▸ EXERCISE BRIEF:
Nothing but a verbatim copy of the data, minus the images, should be returned.

▸ Dataset excerpts:
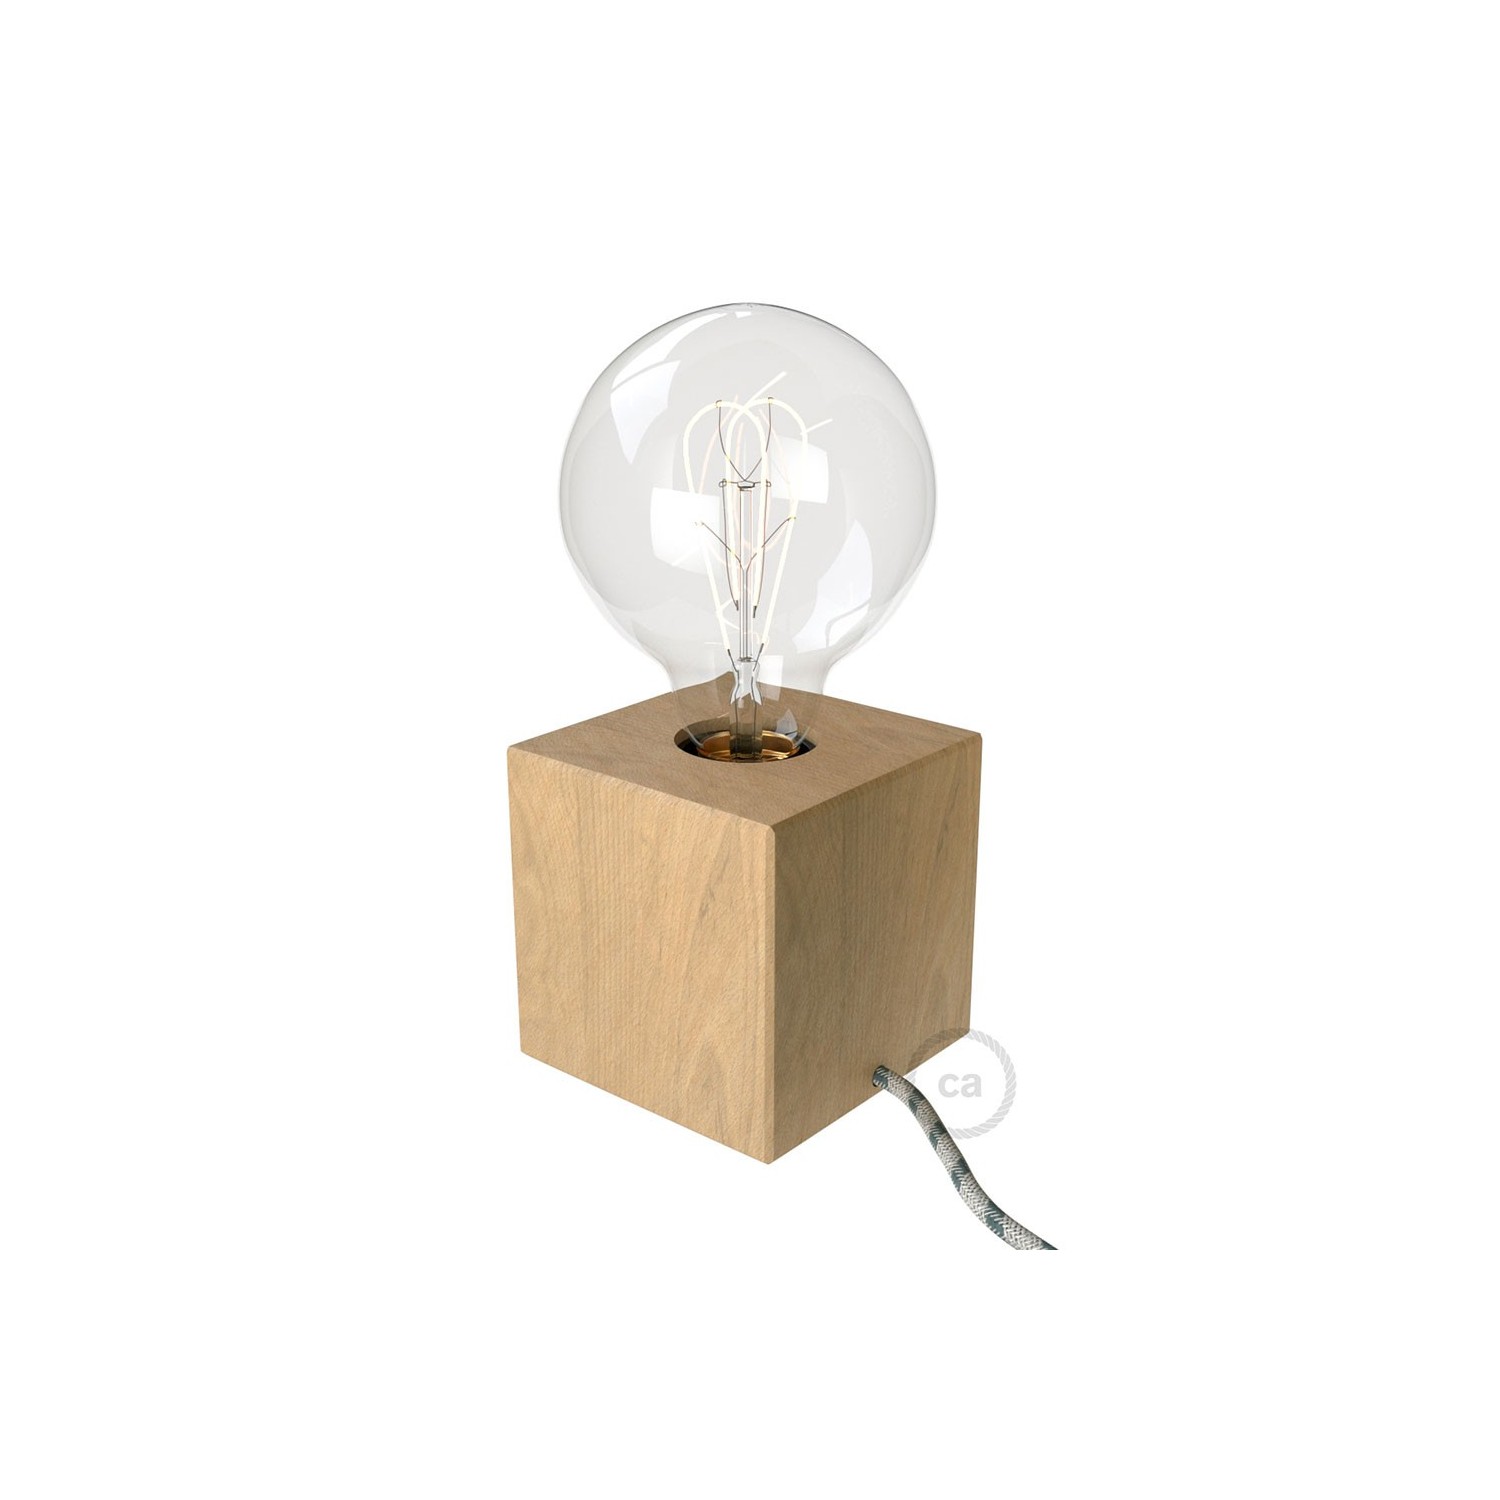 Posaluce Cubetto, la lámpara de mesa en madera natural, con cable textil, interruptor y clavija bipolar
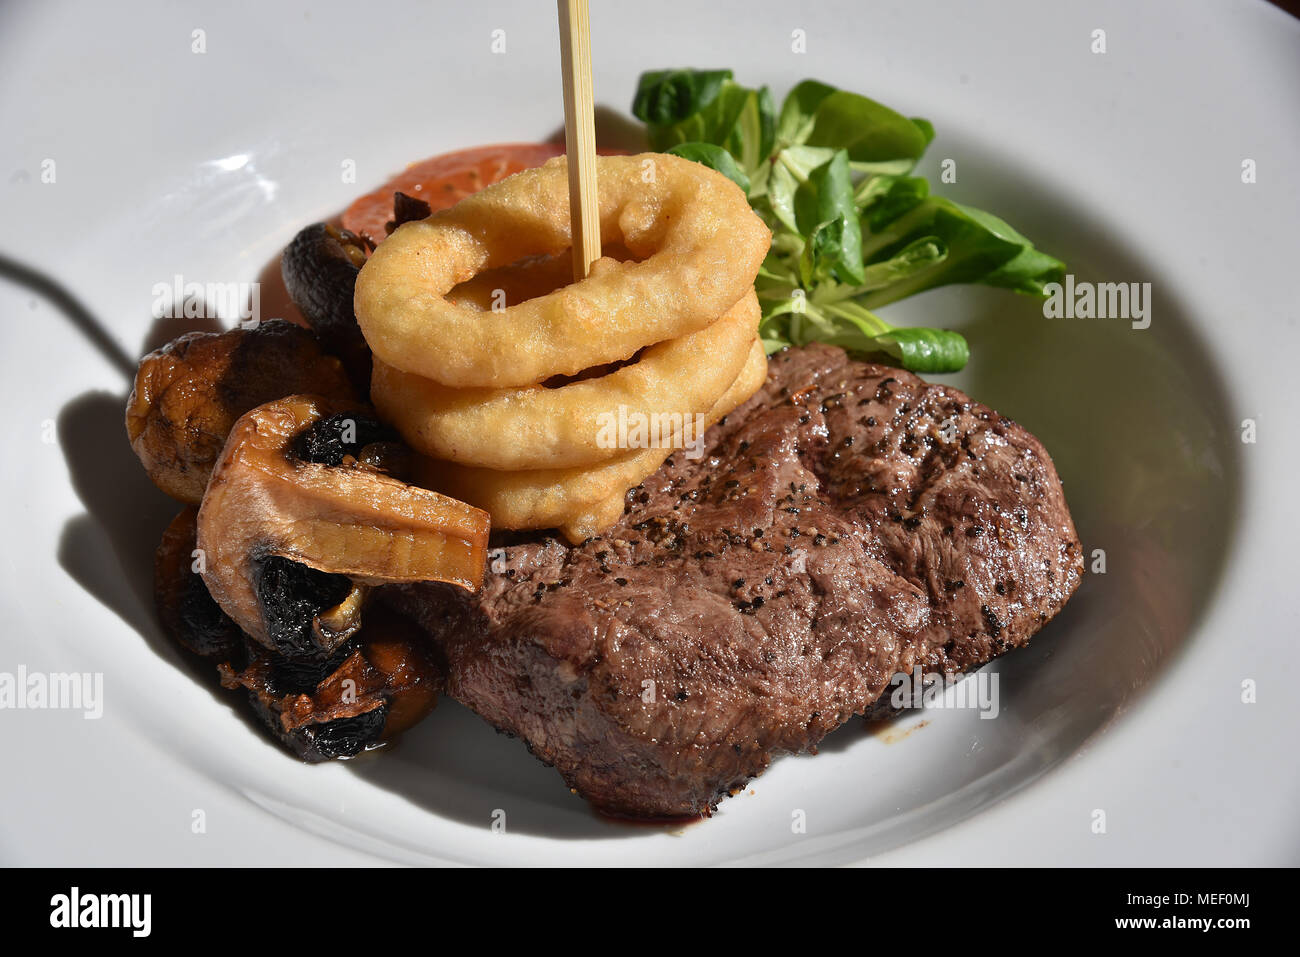 Les images montrent l'alimentation plaqué, fromage burger avec oignons tomate et laitue, un bifteck et champignons et bacon et repas un plat de poulet. Banque D'Images
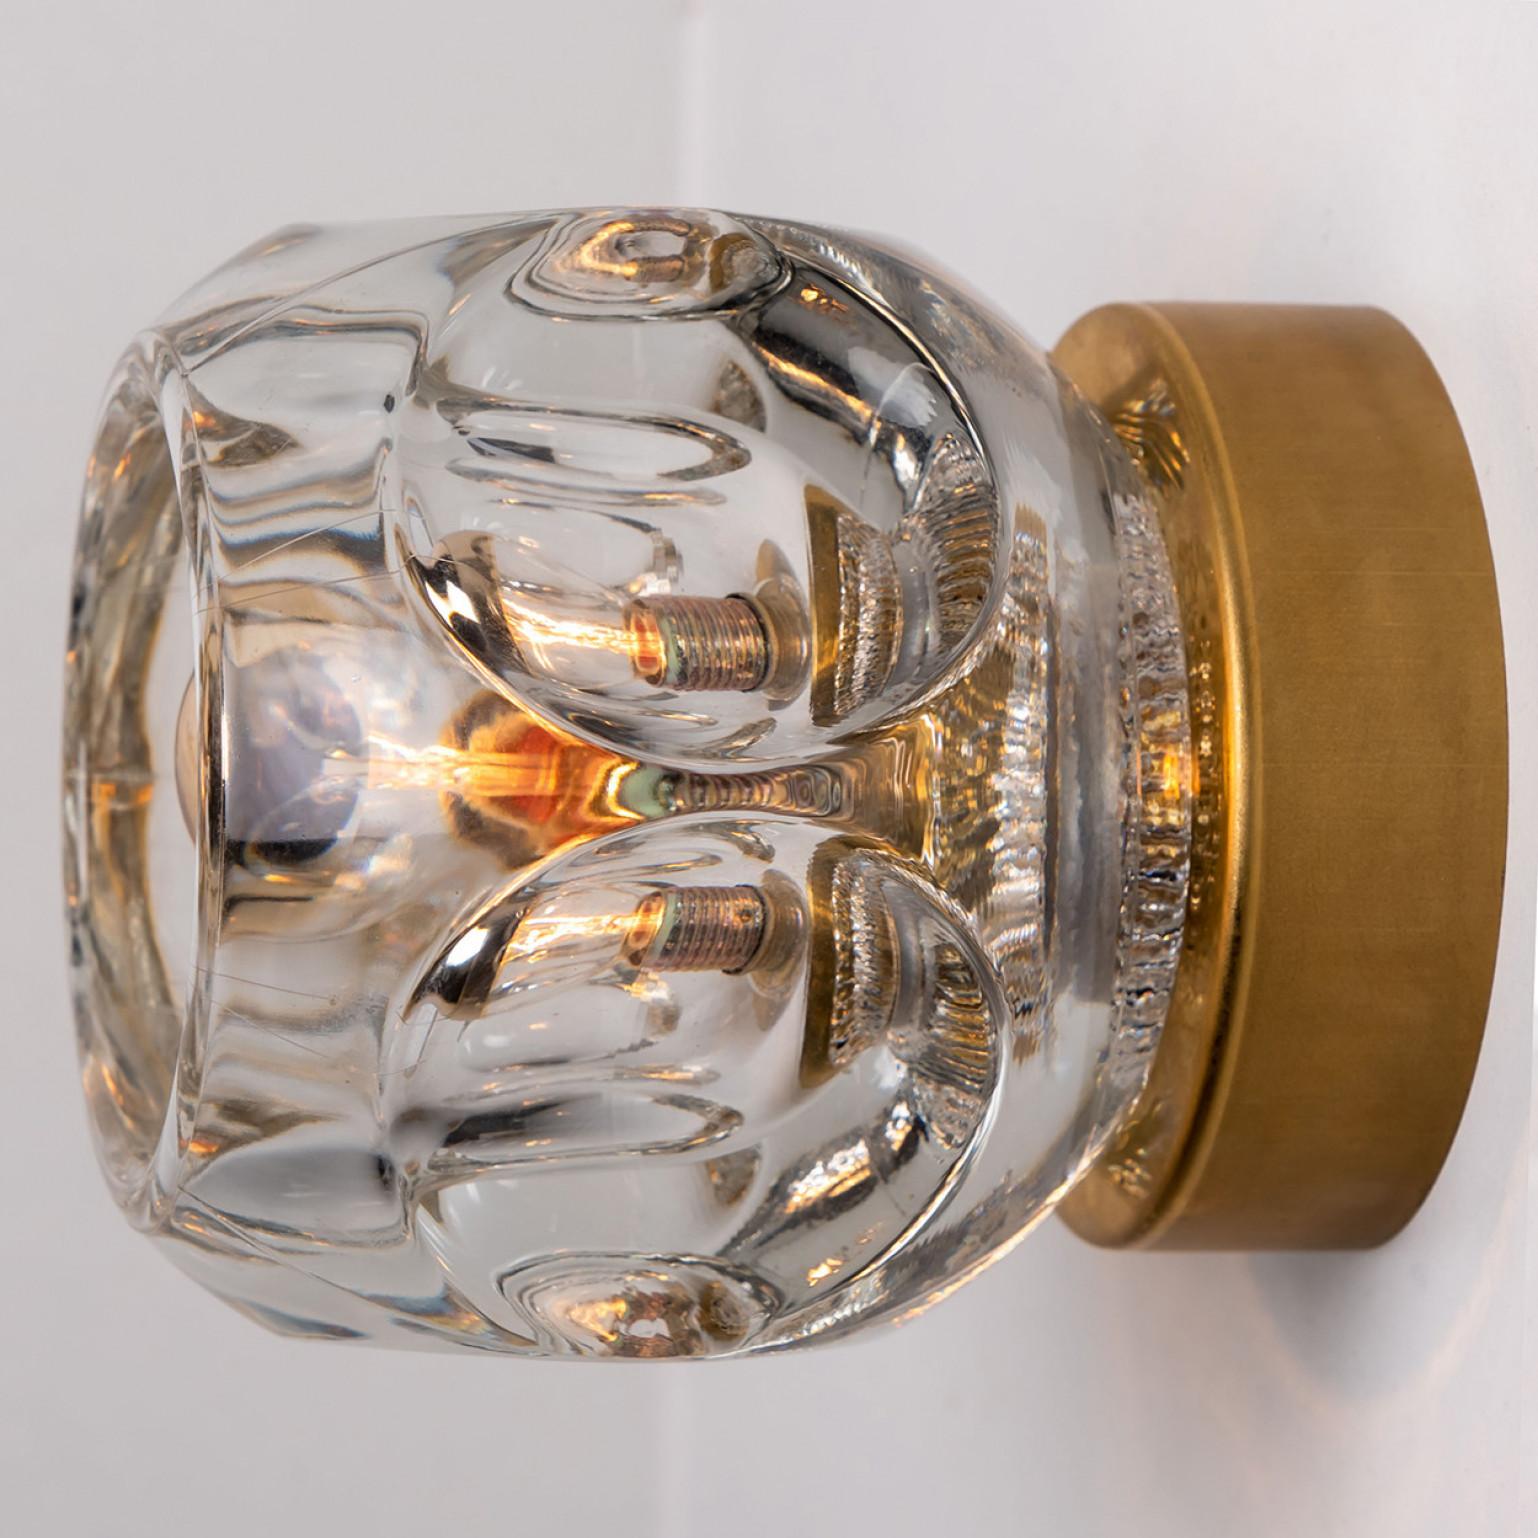 Mehrere originale Glaswandleuchter oder Unterputzleuchten Cosack Lights, Deutschland, 1970er Jahre

Originelle modernistische Wandleuchte aus den 1970er Jahren mit vier Lichtelementen aus Glas. Diese Leuchte wurde von Cosack Lights entworfen und
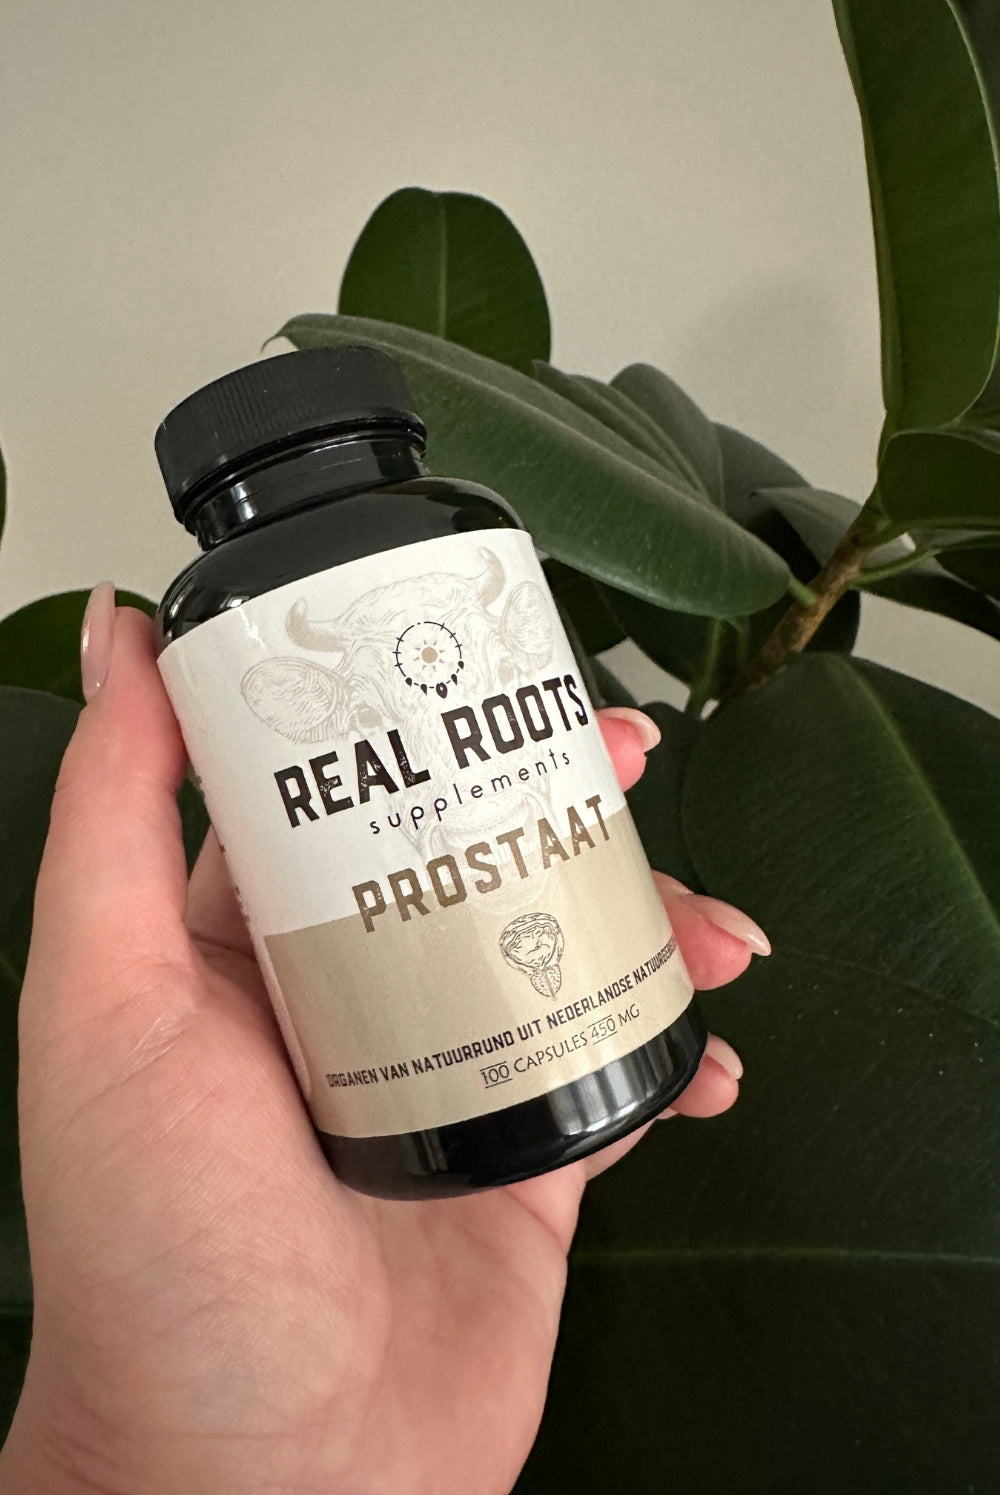 Real Roots Prostaat Orgaansupplementen
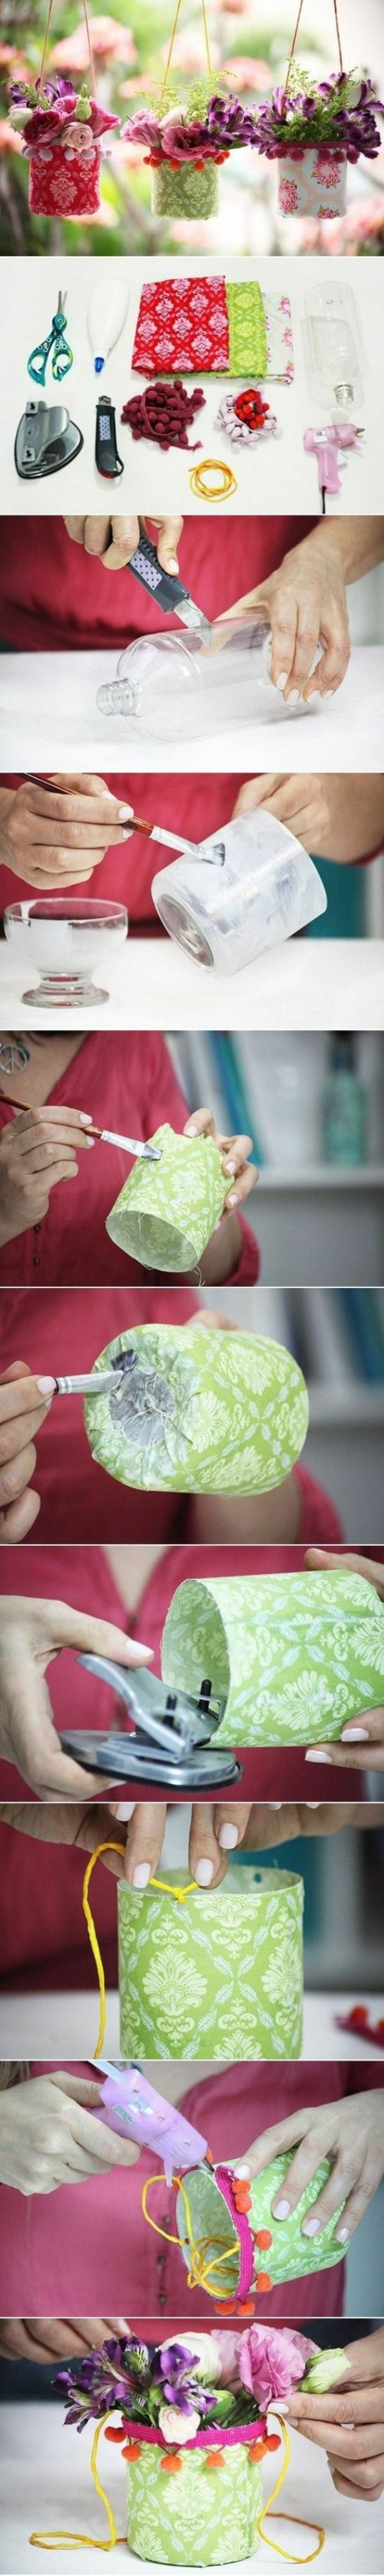 activité manuelle automne, tutoriel comment faire des suspensions florales faciles, idée recyclage bouteille plastique

▸ EXERCISE RESPONSE:
 Posaluce Cubetto, la lámpara de mesa en madera natural, con cable textil, interruptor y clavija bipolar
 Les images montrent l'alimentation plaqué, fromage burger avec oignons tomate et laitue, un bifteck et champignons et bacon et repas un plat de poulet. Banque D'Images
 Mehrere originale Glaswandleuchter oder Unterputzleuchten Cosack Lights, Deutschland, 1970er Jahre

Originelle modernistische Wandleuchte aus den 1970er Jahren mit vier Lichtelementen aus Glas. Diese Leuchte wurde von Cosack Lights entworfen und
 Real Roots Prostaat Orgaansupplementen
 activité manuelle automne, tutoriel comment faire des suspensions florales faciles, idée recyclage bouteille plastique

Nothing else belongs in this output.